Fatigue remains an issue for the now 14-year-old Zeffen, as his stints on the soccer field are often limited. However, he remains determined to regain his old form, driven in part by the success of his younger sister Zetta.
“Before I had cancer I thought that I was the best soccer player in the world,” Zeffen says. “Now my sister, she’s better than me. And the only way I’m going to change that is by working hard.”
Zetta introduced her brother to Schwan’s USA CUP after competing in last year’s tournament, a fact that eventually motivated Zeffen to take part as well.
But while his Brainerd club won’t be sending a team to Blaine this year, Zeffen found help in the form of USA CUP’s guest player program, designed to help place players from around the world on teams competing in the tournament.
Now, Zeffen will join a new club, as he takes the field with Brazilian side Rio de Janeiro Select, representing the home country of his favorite professional soccer player, Rafael de Silva of Manchester United.
“It’s very exciting,” Zeffen said. “It’s cool to play with a country that has one of my favorite players from one of my favorite teams.”
And while Zeffen may always be considered small at just 4-foot-10, the treatments that saved his life have done little to quench his ambitions as a soccer player.
“That’s not going to come,” Rod says, referring to his son’s diminutive stature. “But if you look at someone like Messi who’s only 6 inches taller than that; well [Messi] is quite the package.”
In fact, the celebrated Argentine forward isn’t the only soccer star on the world stage to field questions about his stature.

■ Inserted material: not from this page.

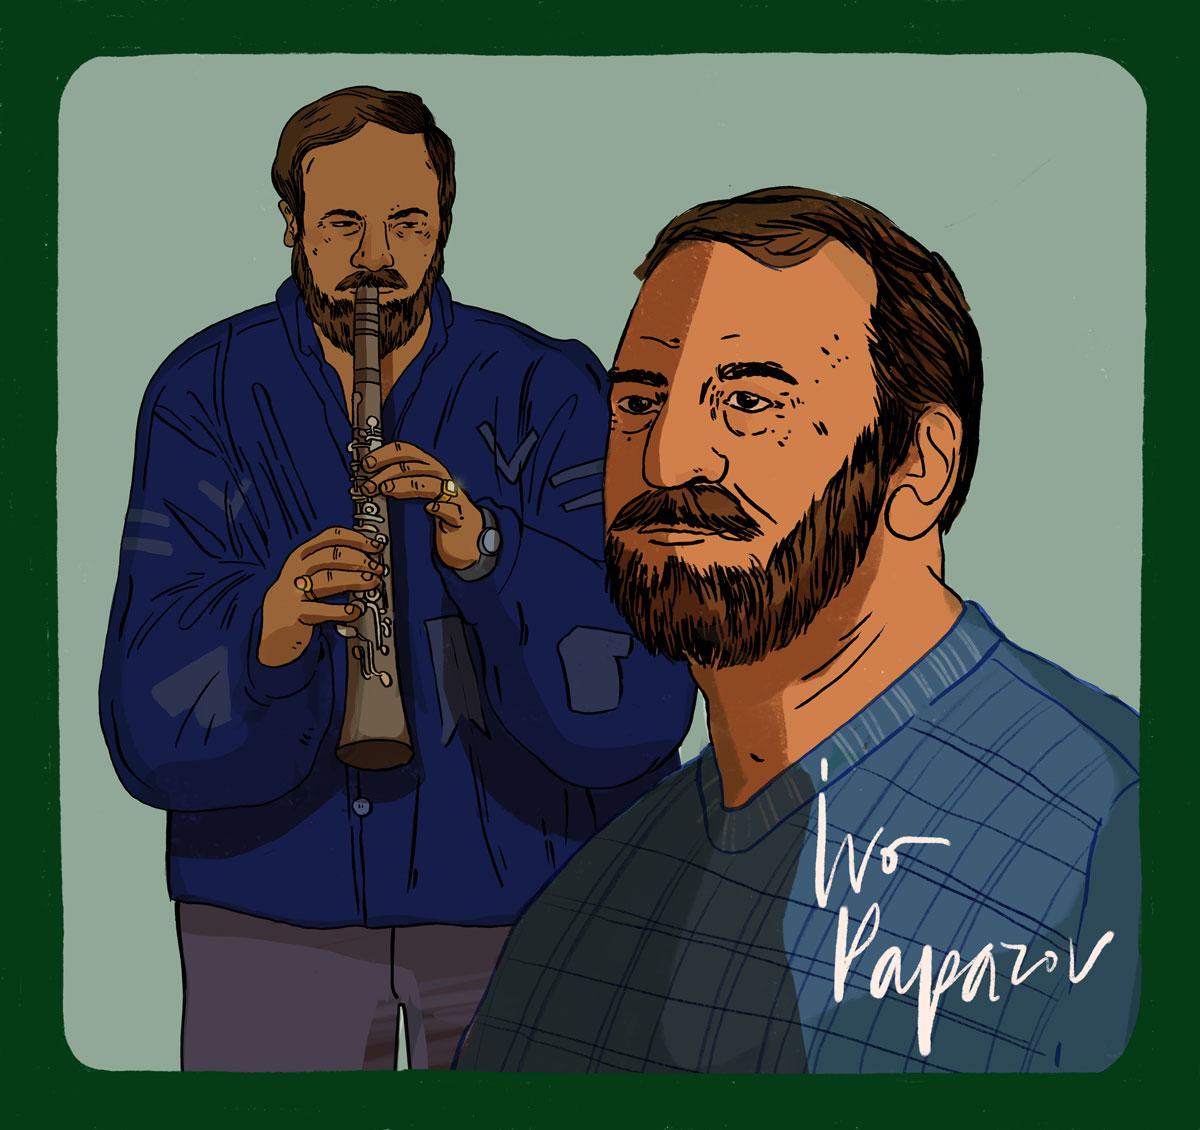 Ivo_Papazov

A list of the world’s best would be incomplete without players like Messi, teammate Xavi Hernandez, Manchester United star Wayne Rooney, crosstown rival Sergio Aguero of Manchester City and gifted Argentinian forward Neymar, all of whom have Zeffen beat by only a few inches, standing at an aggregate height of just 5 feet 8 inches.
“Soccer is a very equalizing sport,” Rod says, a fact that continues to drive his young son.
Zeffen was inspired by his father to take up a job as a referee as well, where he continues to stay involved, even when his health limits his on-field aspirations.
“I still enjoy playing, but [refereeing] still doesn’t take as much energy,” Zeffen said.
And while Zeffen still carries radiation’s scars, the energetic striker and aspiring referee continues to prove that, in soccer, size is just a number.